*YOUR OBJECTIVE*
Copy each line below word for word and drop every image.

*AVAILABLE DATA*
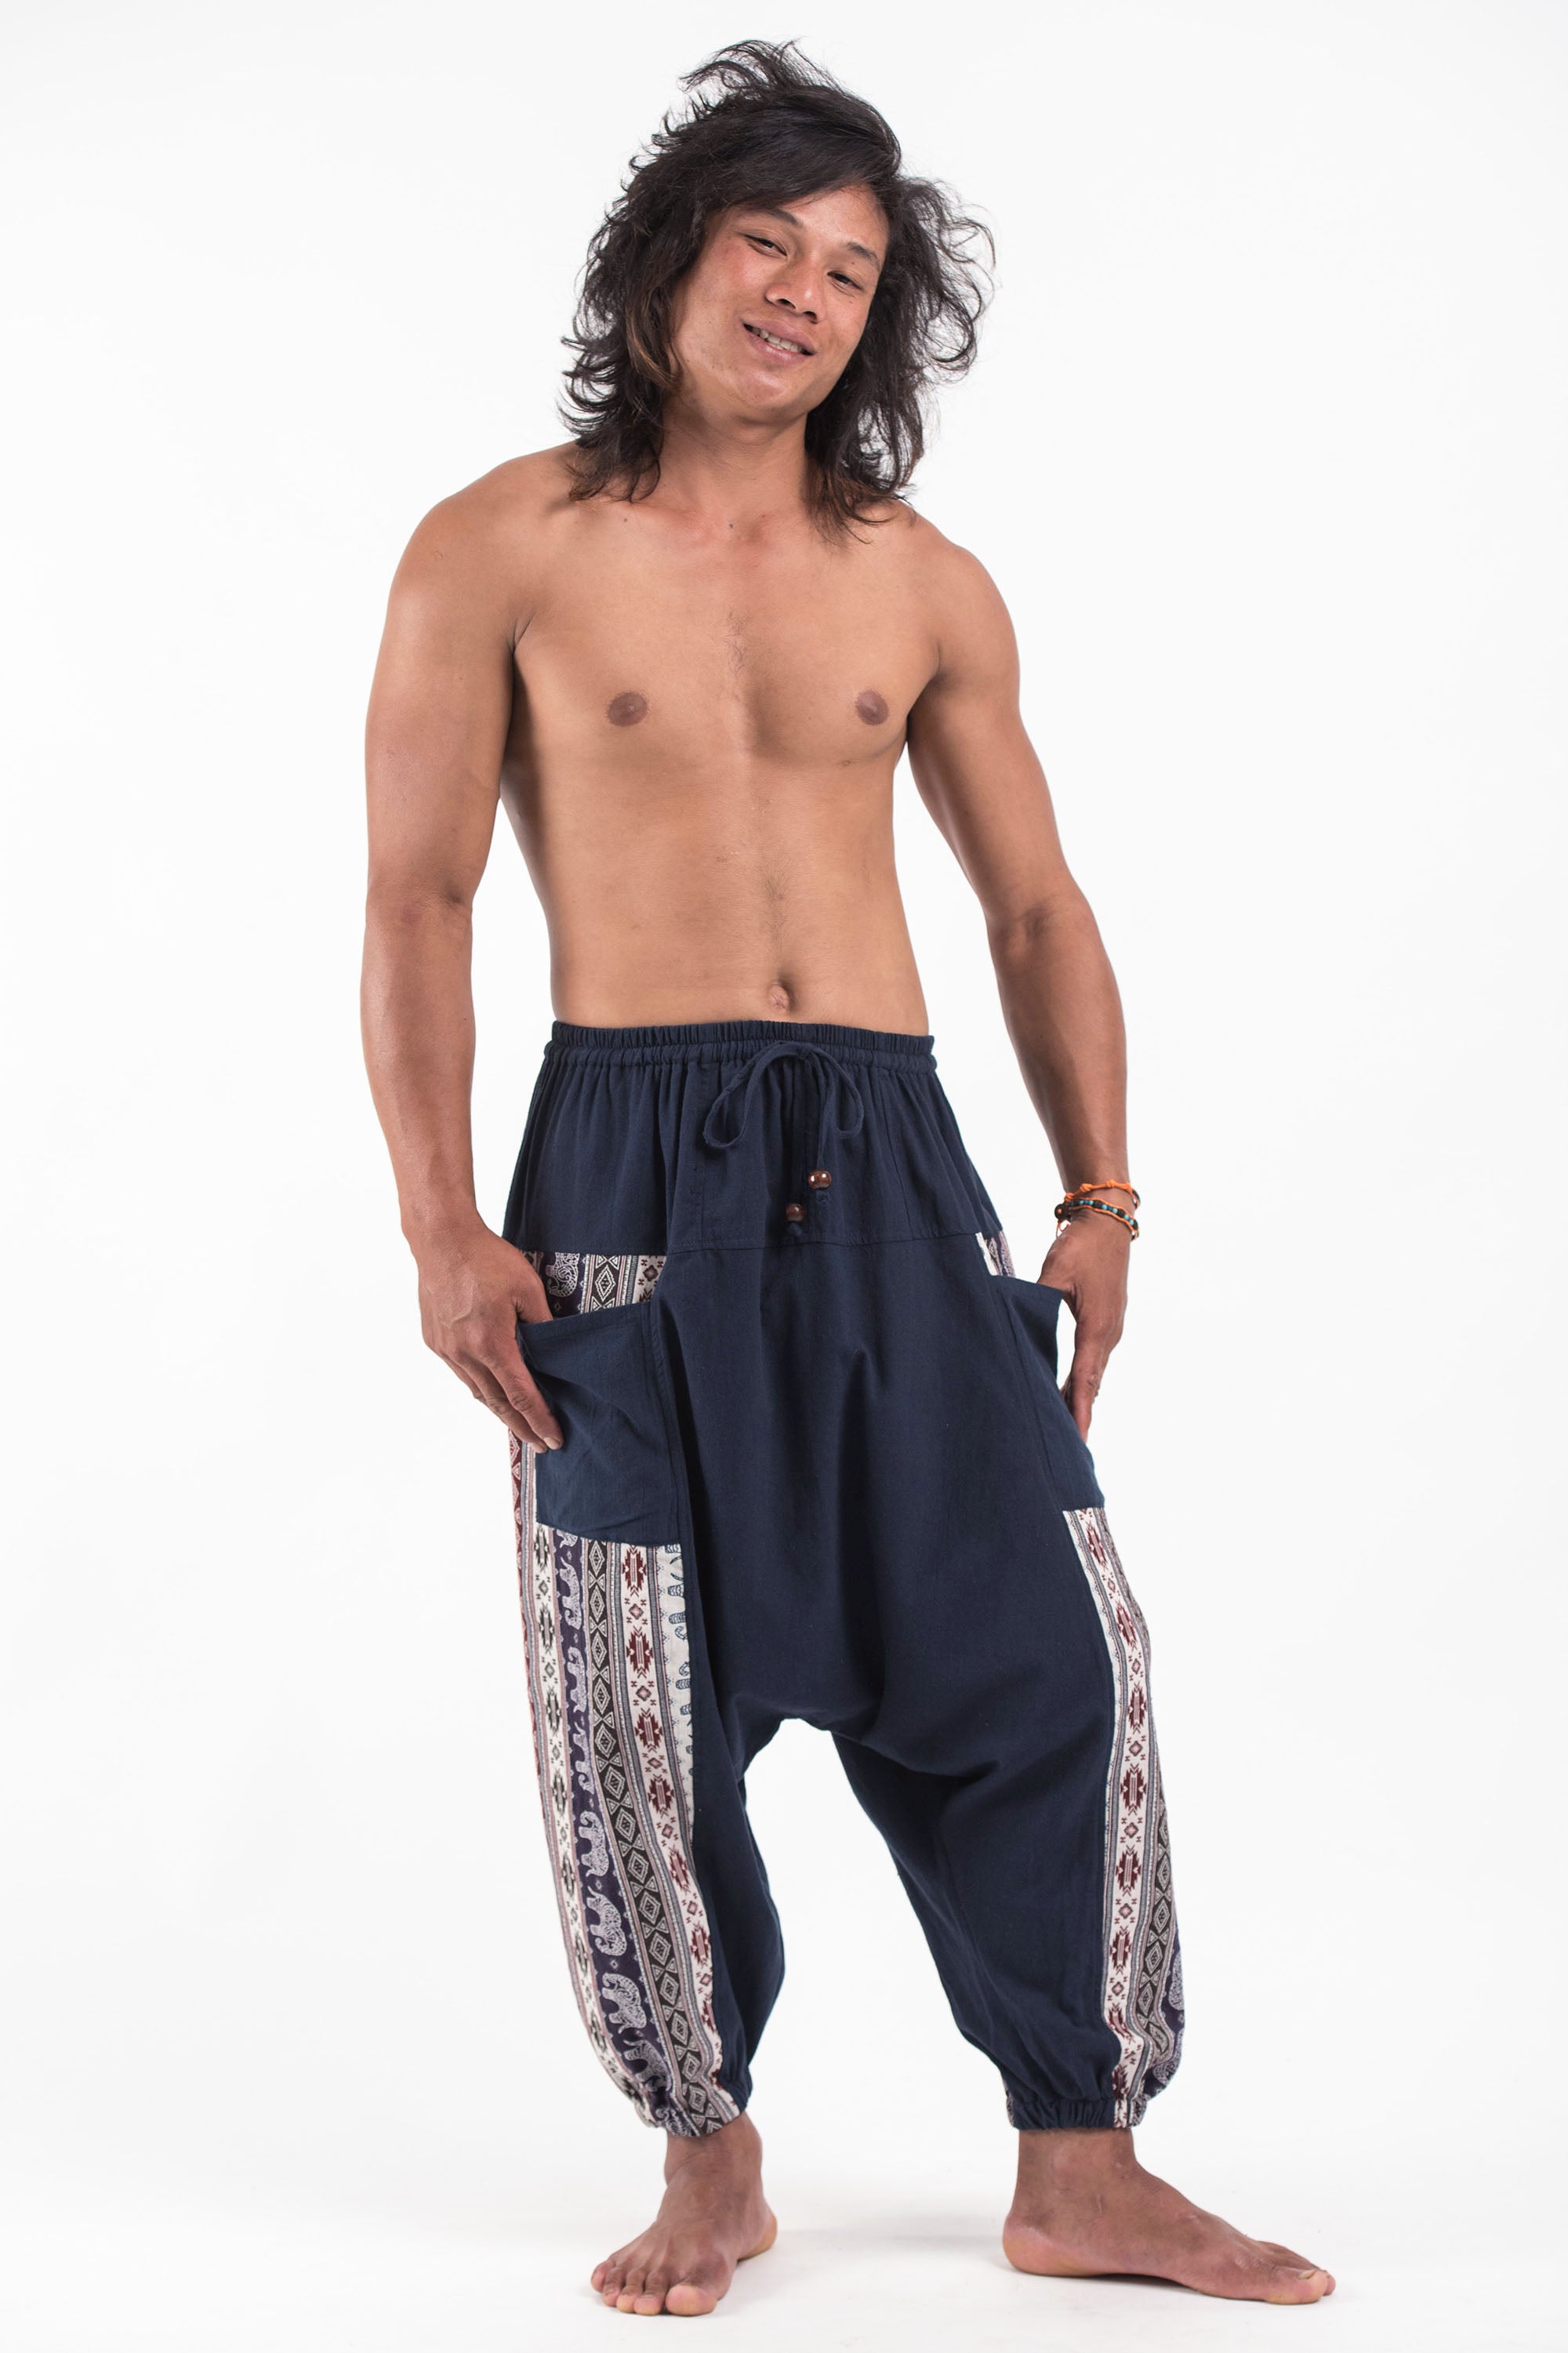 Elephant Aztec Cotton Men's Harem Pants in Navy. Free Shipping for orders $60.
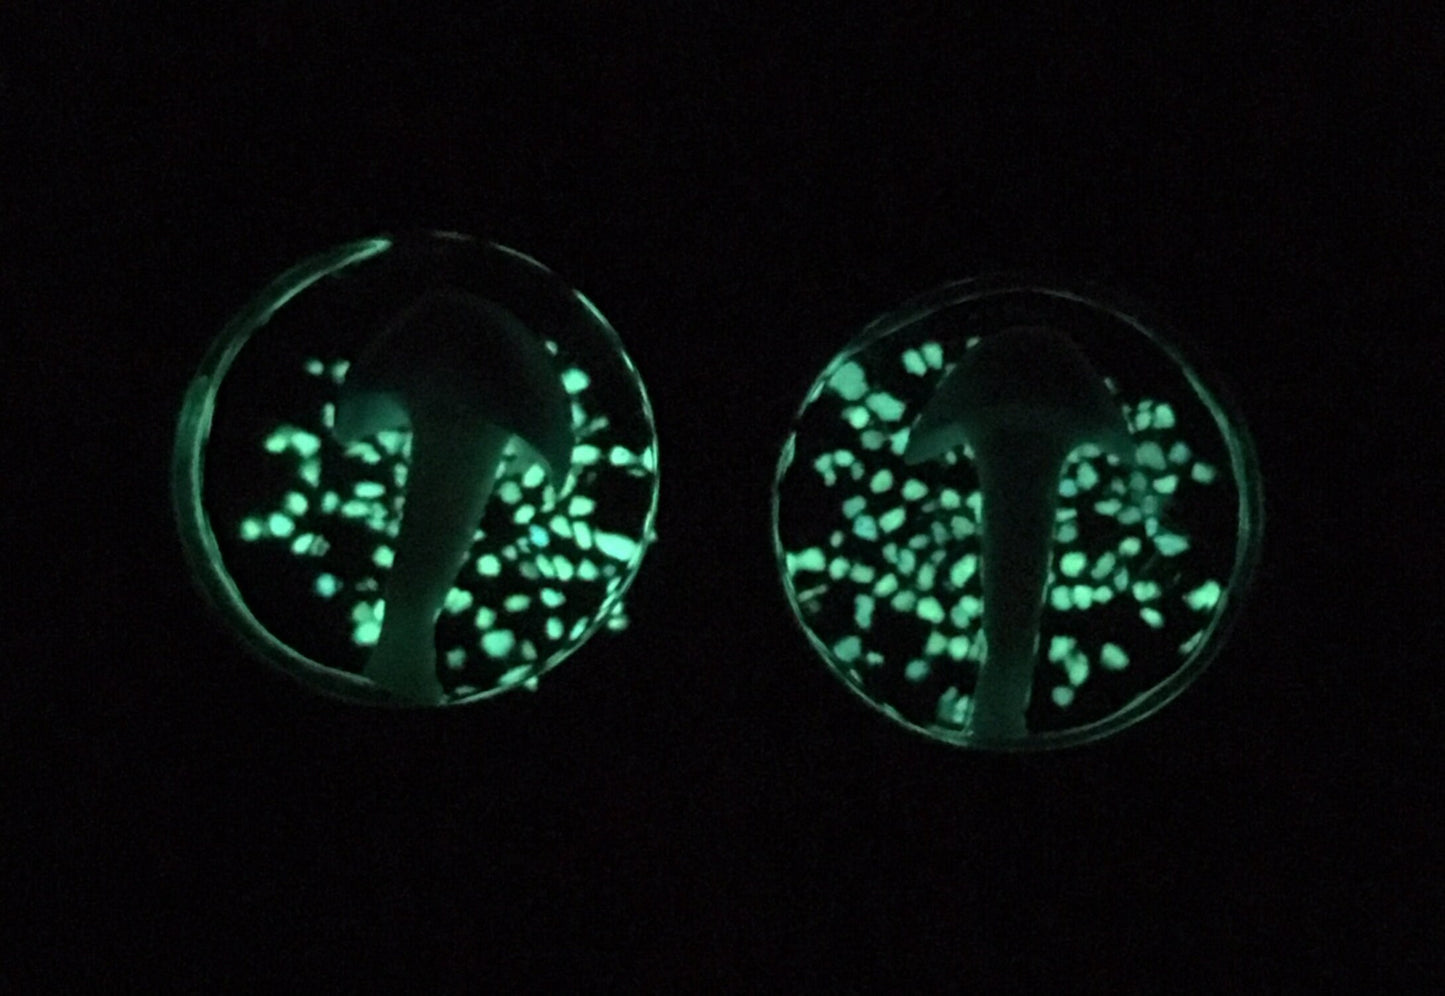 PAIR of Glow in the Dark Floating Mushroom Pyrex Glass Double Flare Plugs - Gauges 2g (6mm) through 5/8" (16mm) available!
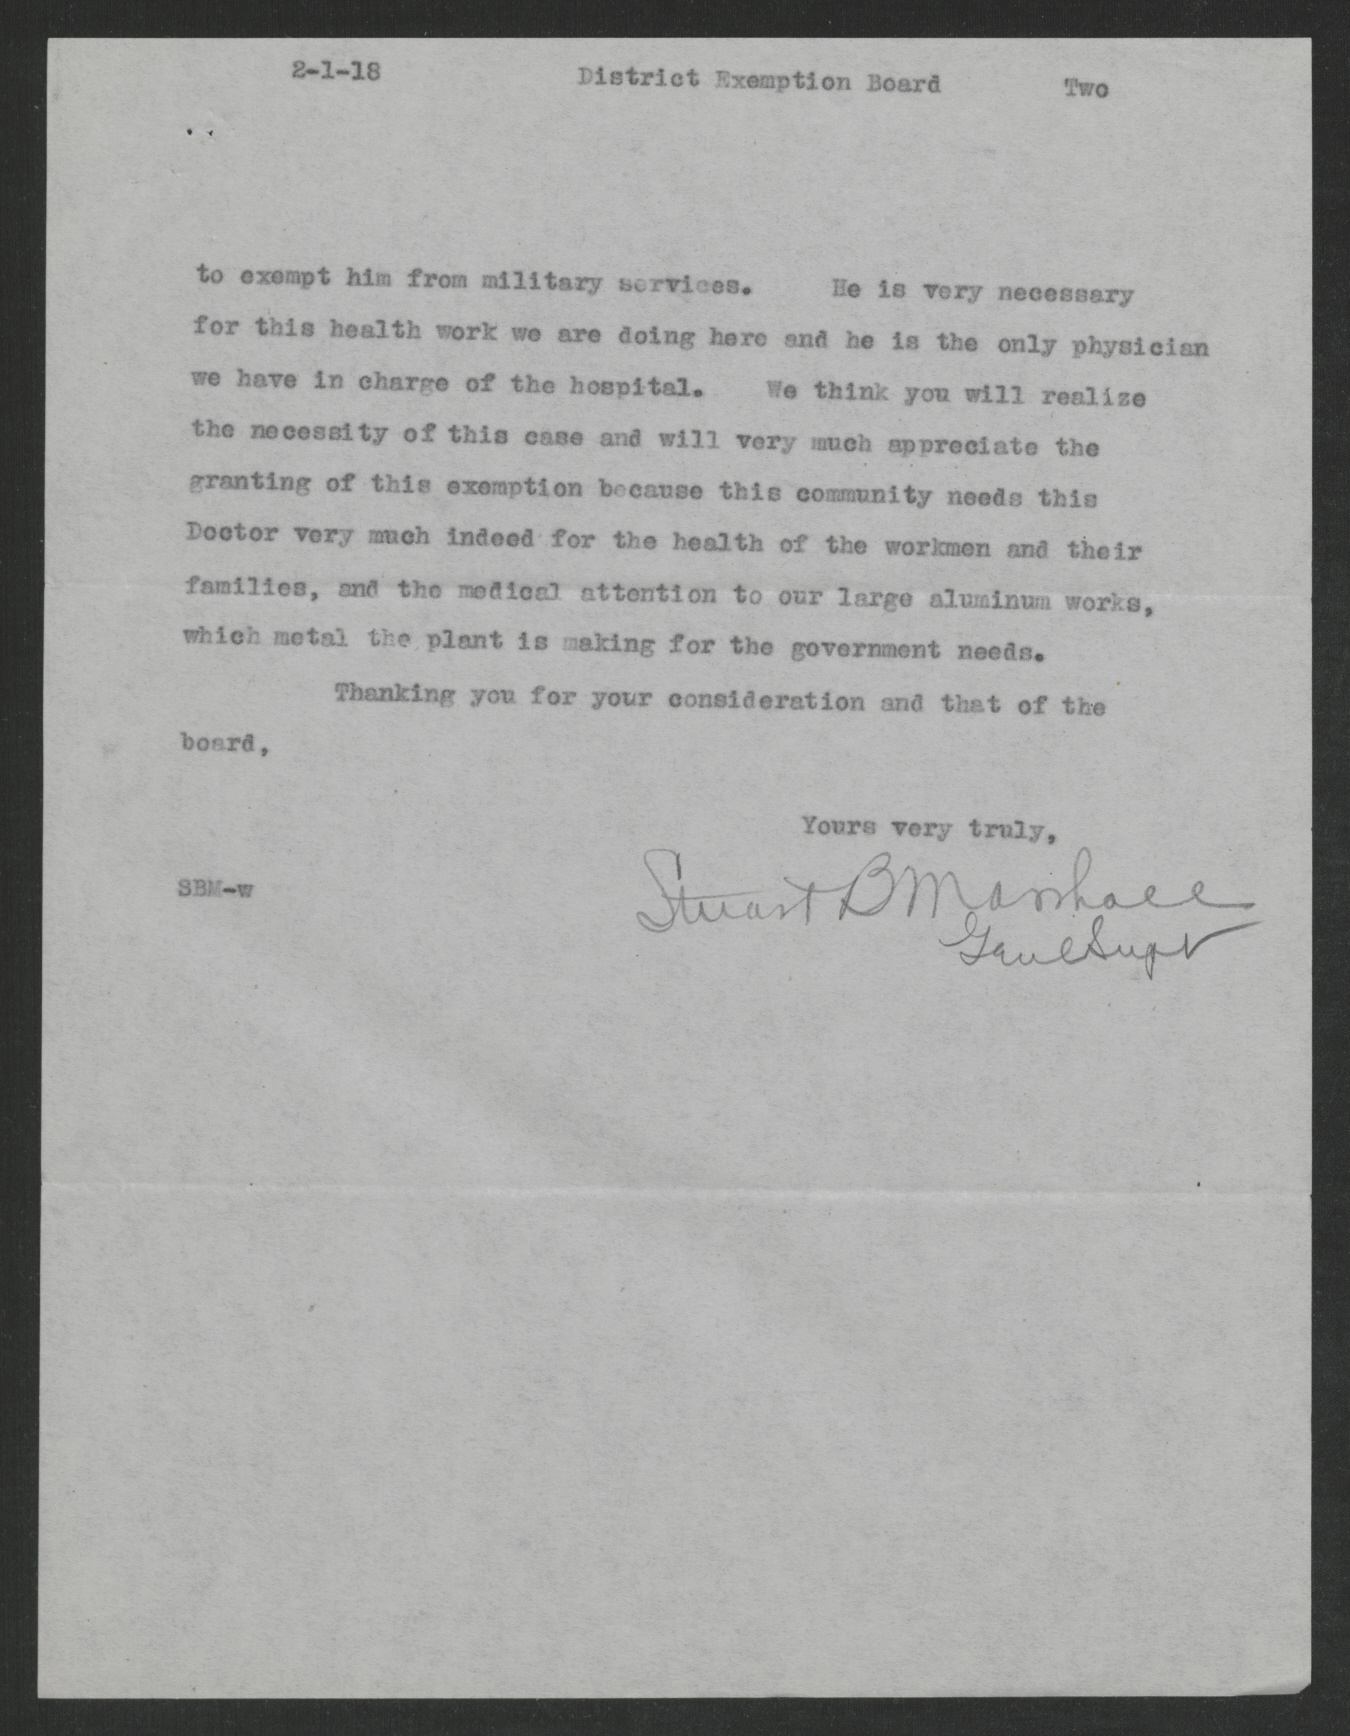 Letter from Stuart B. Marshall to the Western District Exemption Board, February 1, 1918, page 2

*RESPONSE AREA*
 Elephant Aztec Cotton Men's Harem Pants in Navy. Free Shipping for orders $60.
 PAIR of Glow in the Dark Floating Mushroom Pyrex Glass Double Flare Plugs - Gauges 2g (6mm) through 5/8" (16mm) available!
 Letter from Stuart B. Marshall to the Western District Exemption Board, February 1, 1918, page 2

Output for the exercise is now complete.